I mean, cancer is a shitty thing to have or have happen to someone you love, but everyone has to die of something eventually. My take is that people are avoiding heart disease and therefore surviving long enough to give cancer the chance to claim first place. Cancer is shitty, but longer lives isn’t.

Edit to add: overall life expectancy in the US has risen by 10 years since 1960. That’s great.


Yeah, it’s kind of news that says, “we’re beating heart disease!” Better diet, better exercise…we might still be fat, but that’s a good indicator that in some ways, we’re beating it back.

Cancer’s next on the list, then, but that’s a…complex nut. Which cancers? Which populations? Genetic or environmental factors?

Looks like lung cancer is a leader there (for both genders in the binary), and there’s a lot of environmental stuff that goes into lung cancer, so it looks VERY preventable. Though I tend to think the arc has turned for both smoking and radon, which seem to (still) be the leading causes.

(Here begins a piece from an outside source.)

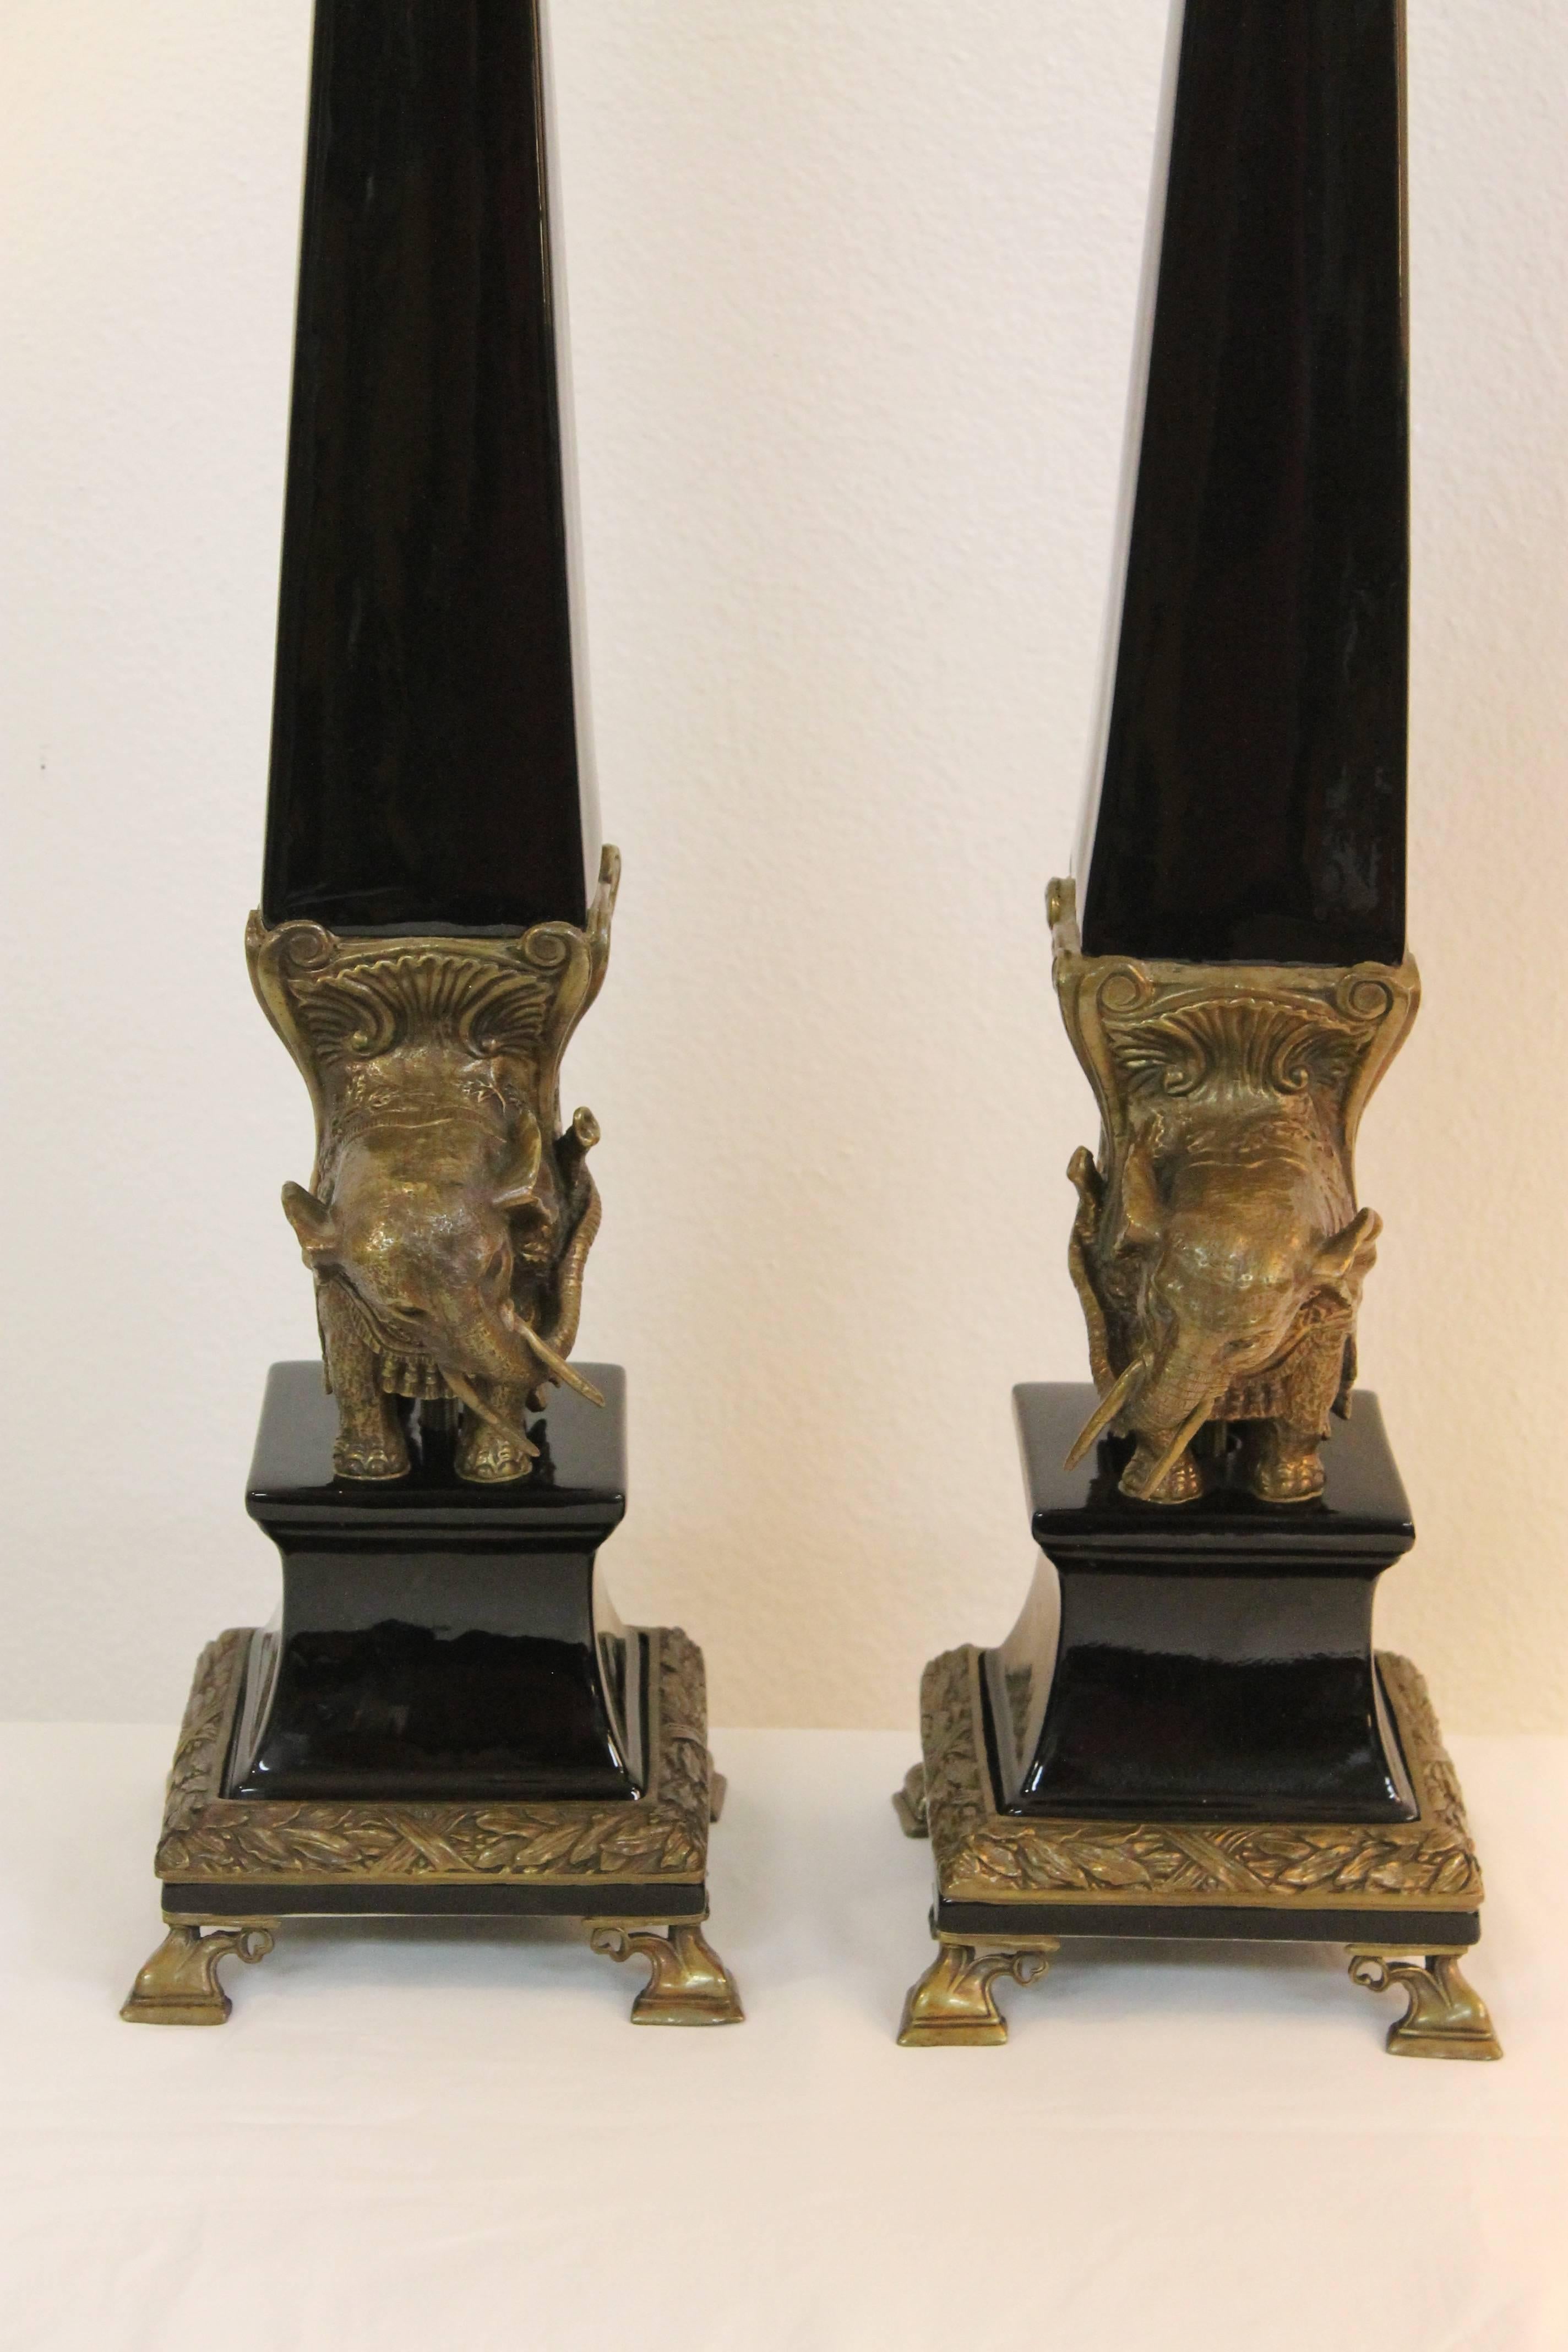 A matched pair of cast brass elephant lamps with black glazed porcelain obelisks. Elephants are modeled after the 1667 sculpture by Bernini in Rome. Very finely detailed castings and high quality construction on these lamps. These are newly rewired.

I looked at a World Life Expectancy site and saw that the US had been trending downward in its world rank for life expectancy. In 1960 it ranked 15th for females and 23rd for males and was, in 2015, ranking 33rd for both males and females.


That’s what I figured as well… Especially since cancer death rates have been slowly, but steadily declining.
Cancer Death Rate Continues Steady Drop

More than 1.7 million cancer deaths averted between 1991 and 2012

As a percentage of the population, Cancer deaths went from 0.14% in 1950 to 0.19% in 2011; Heart disease went from 0.35% in 1950 to 0.19% in 2011.
If one normalized for life expectancy, I doubt that there would be much change in the cancer rates.


If the US life expectancy is going up, but it’s rank is going down, that just means other countries are also doing better. Sounds like good new all around, really.


Precious few of us ever get our first choice.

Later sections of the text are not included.